21 is about blackjack. It's boring, too. It's based loosely on the true story of some dweebs at MIT who figured out a scheme to make tons of dough at blackjack. The basic idea was to have some people play tables, making the minimum bet, and keep a count of the number of high and low cards left to be dealt. The more high cards left in the deck, the better the game is for the player. The more low cards, the better for the house. When the cards were rich with high cards, the min-bet player would signal to an accomplice who would come in and make some huge bets as long as the deck stayed rich.

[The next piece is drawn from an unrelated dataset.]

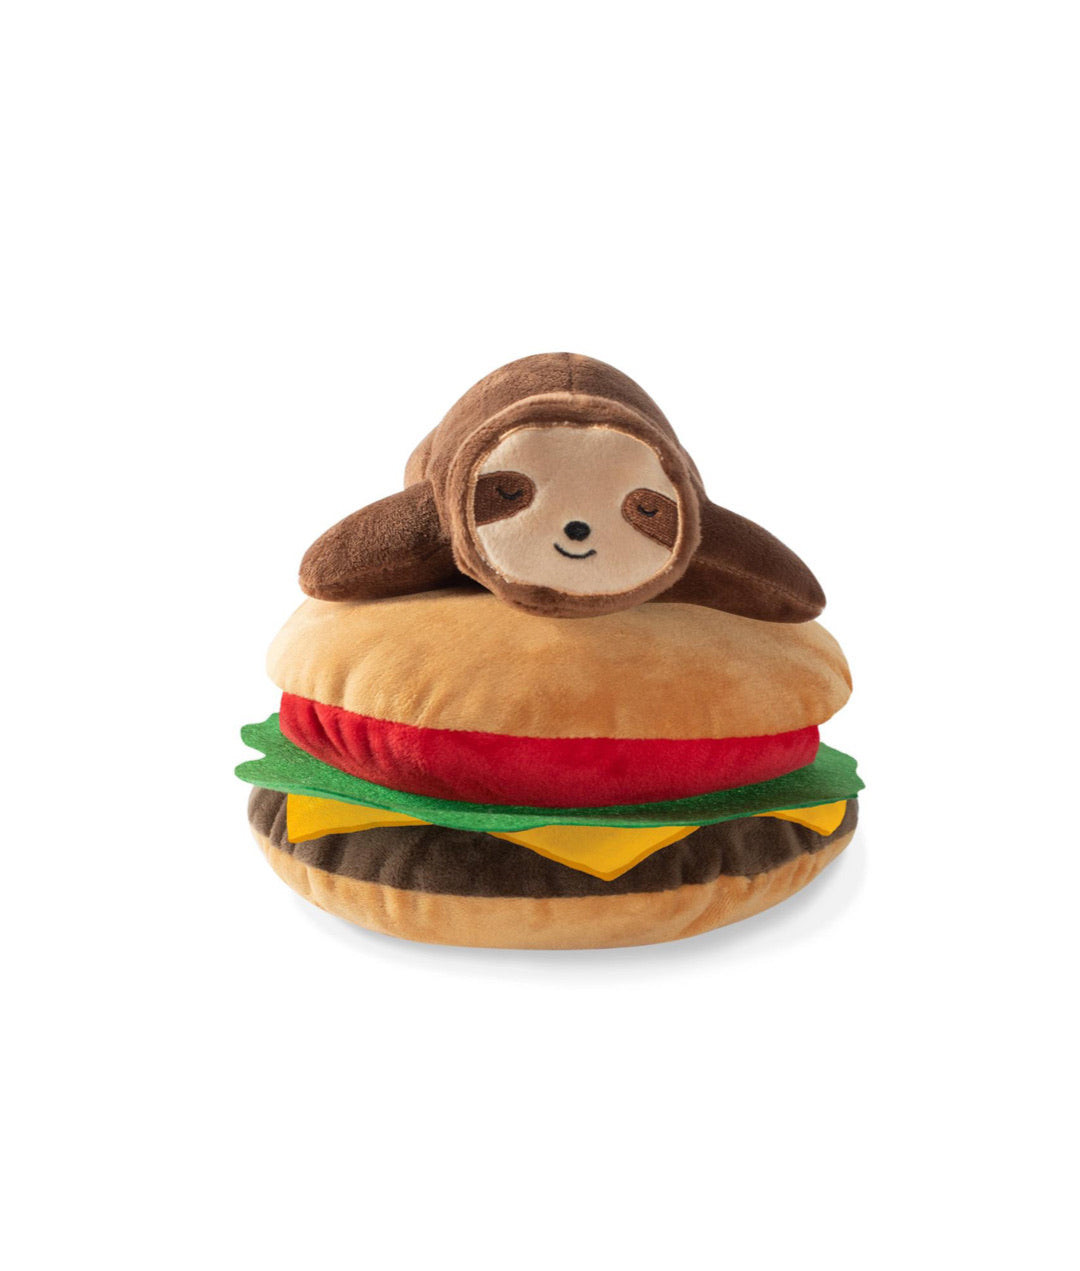 Fringe Studio Toy Box Sloth On A Hamburger Squeaky Plush Toy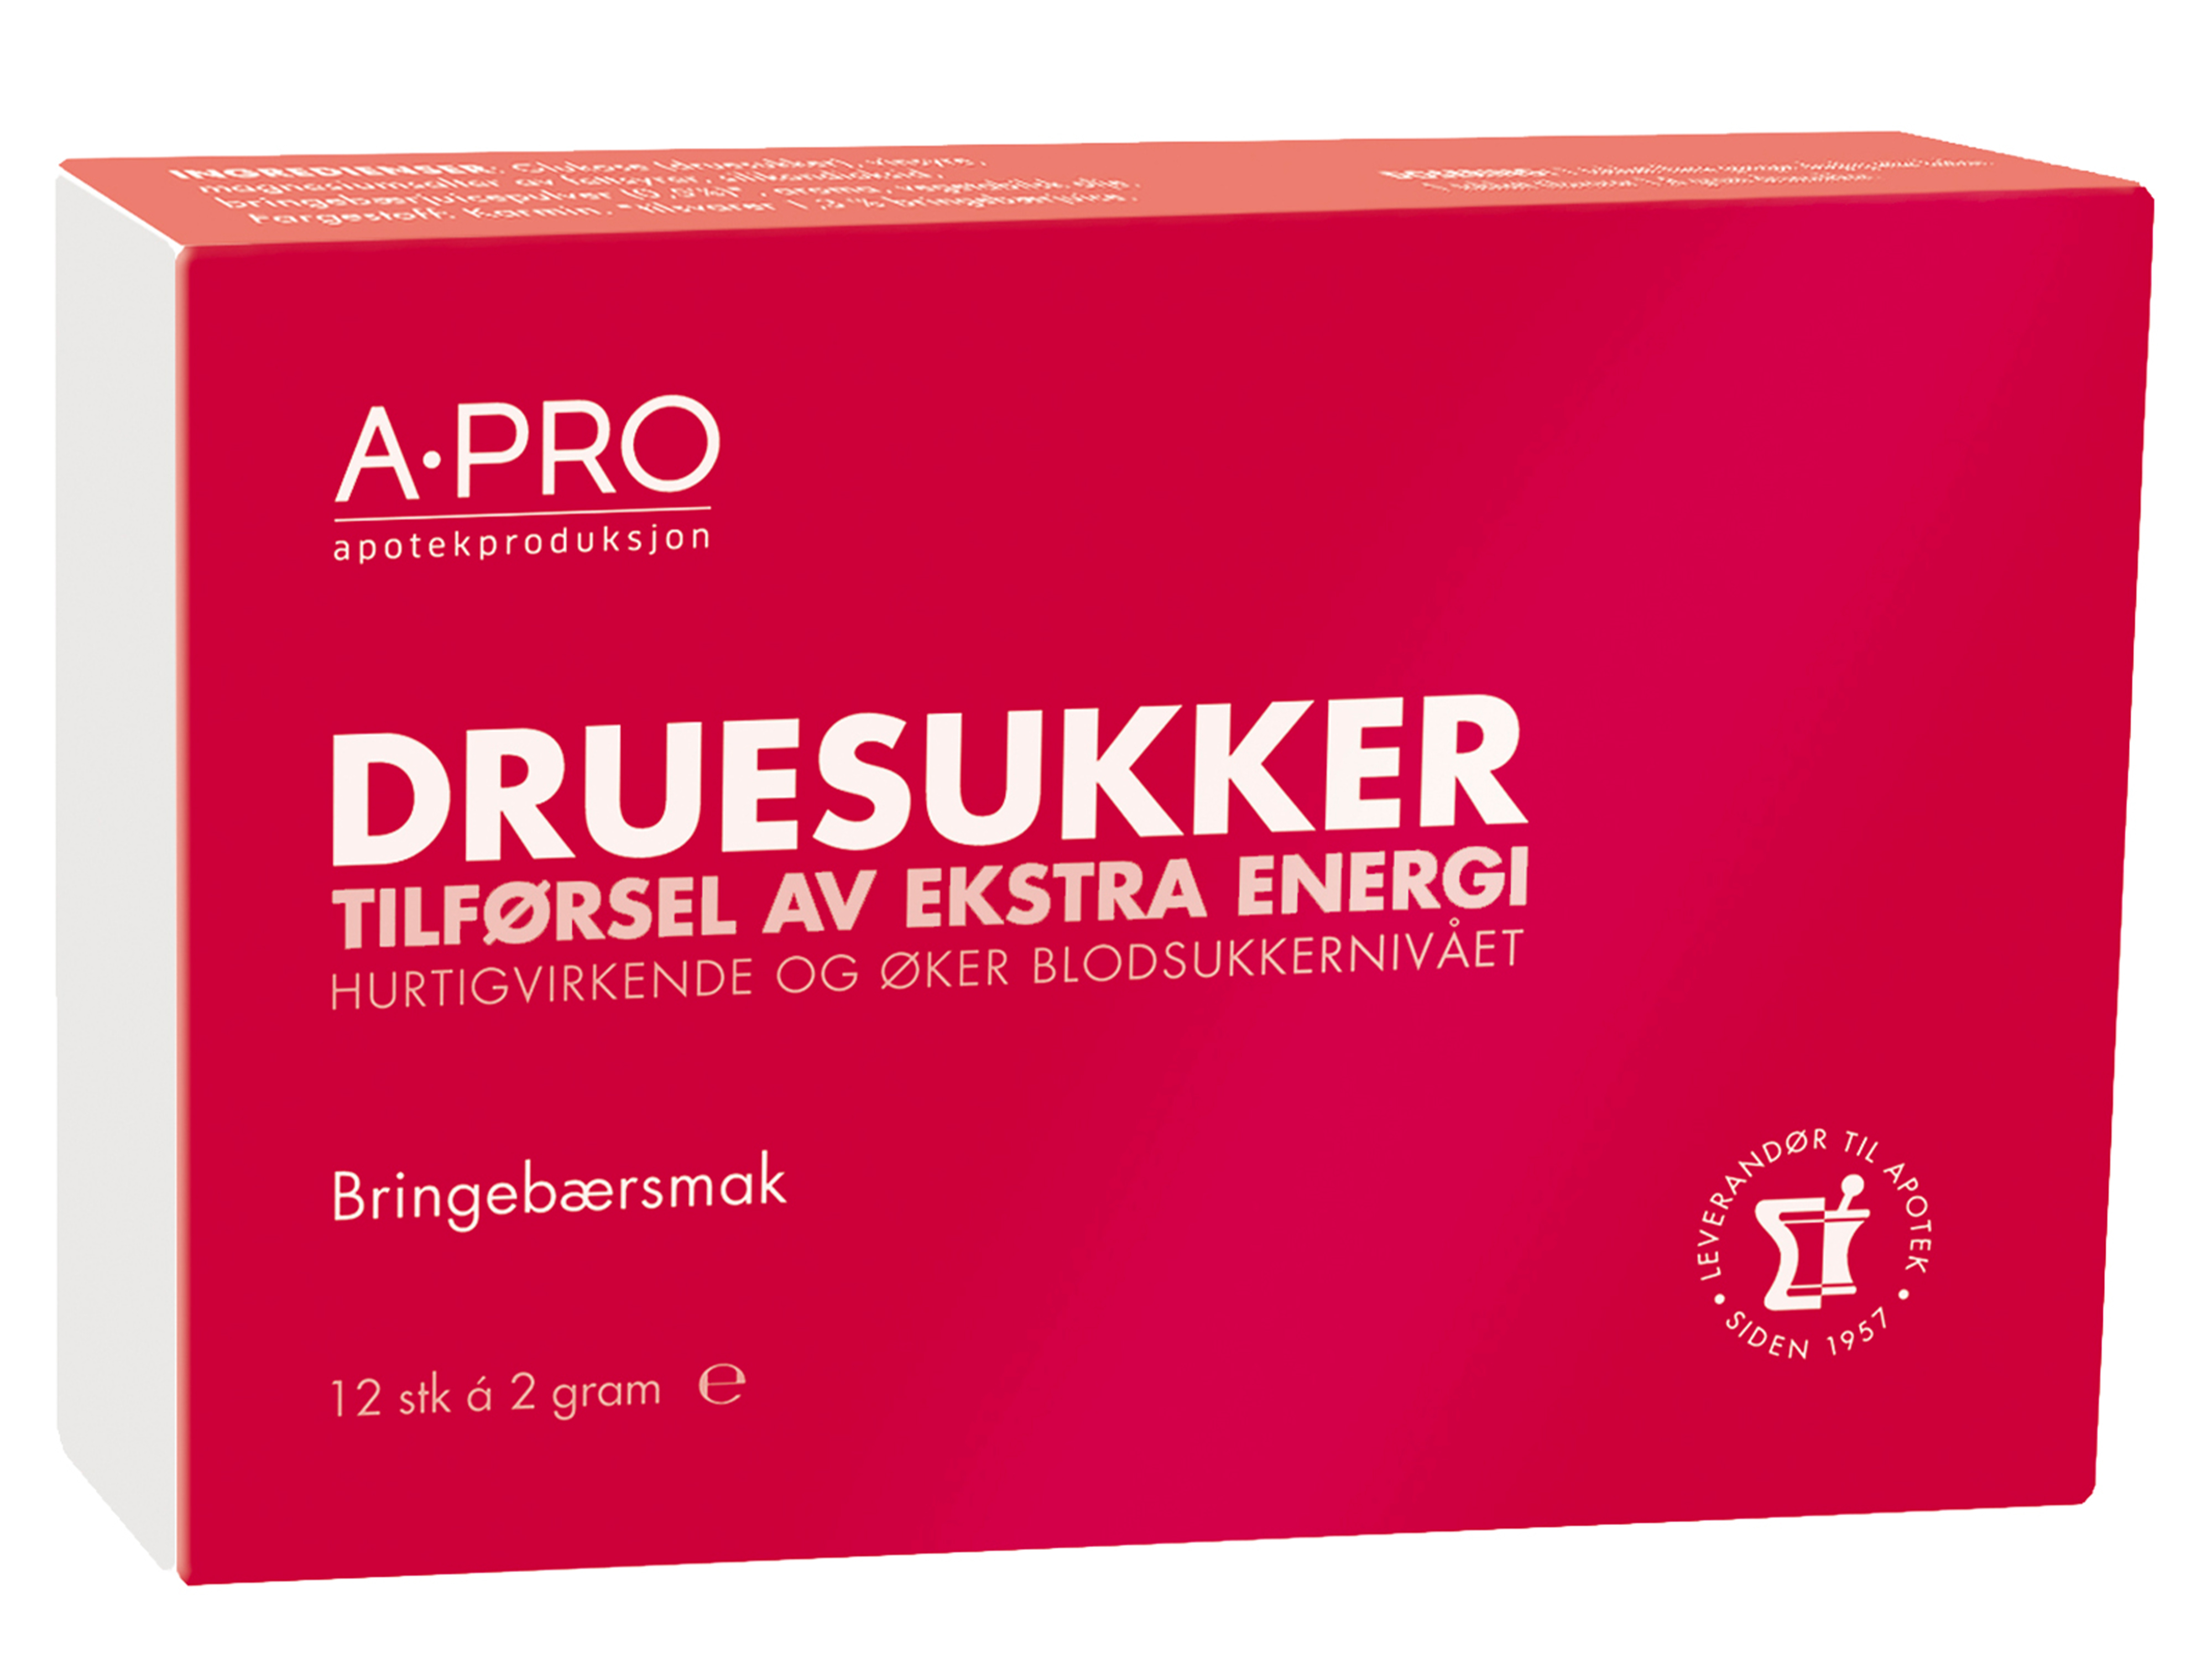 Apro A-PRO Druesukker tabletter 2 gram, 12 stk. på brett

That gives the team an edge over the house. Not a huge edge, but it can turn a game profitable. The problem is, once you get past the thrill of having figured out a way to beat the house, card counting is incredibly boring. It sure as hell isn't a good basis for a two hour movie, especially a crappy, boilerplate one like 21, which dumbs down more people than the Nevada public school system. It doesn't properly explain card counting, it doesn't have casino scenes that are remotely realistic and it made me glad I stole a bunch of Easter candy from one of the neighbor kids so I at least had something to gnaw on. No casino lets people bet 100 grand a hand with no heat or without knowing every little thing about the guy betting. The Hard Rock is not on a the Strip, neither is the Red Rock. And you don't lose 200 grand in a bad night betting 100K a hand. Just to mention a few of the hundreds of errors.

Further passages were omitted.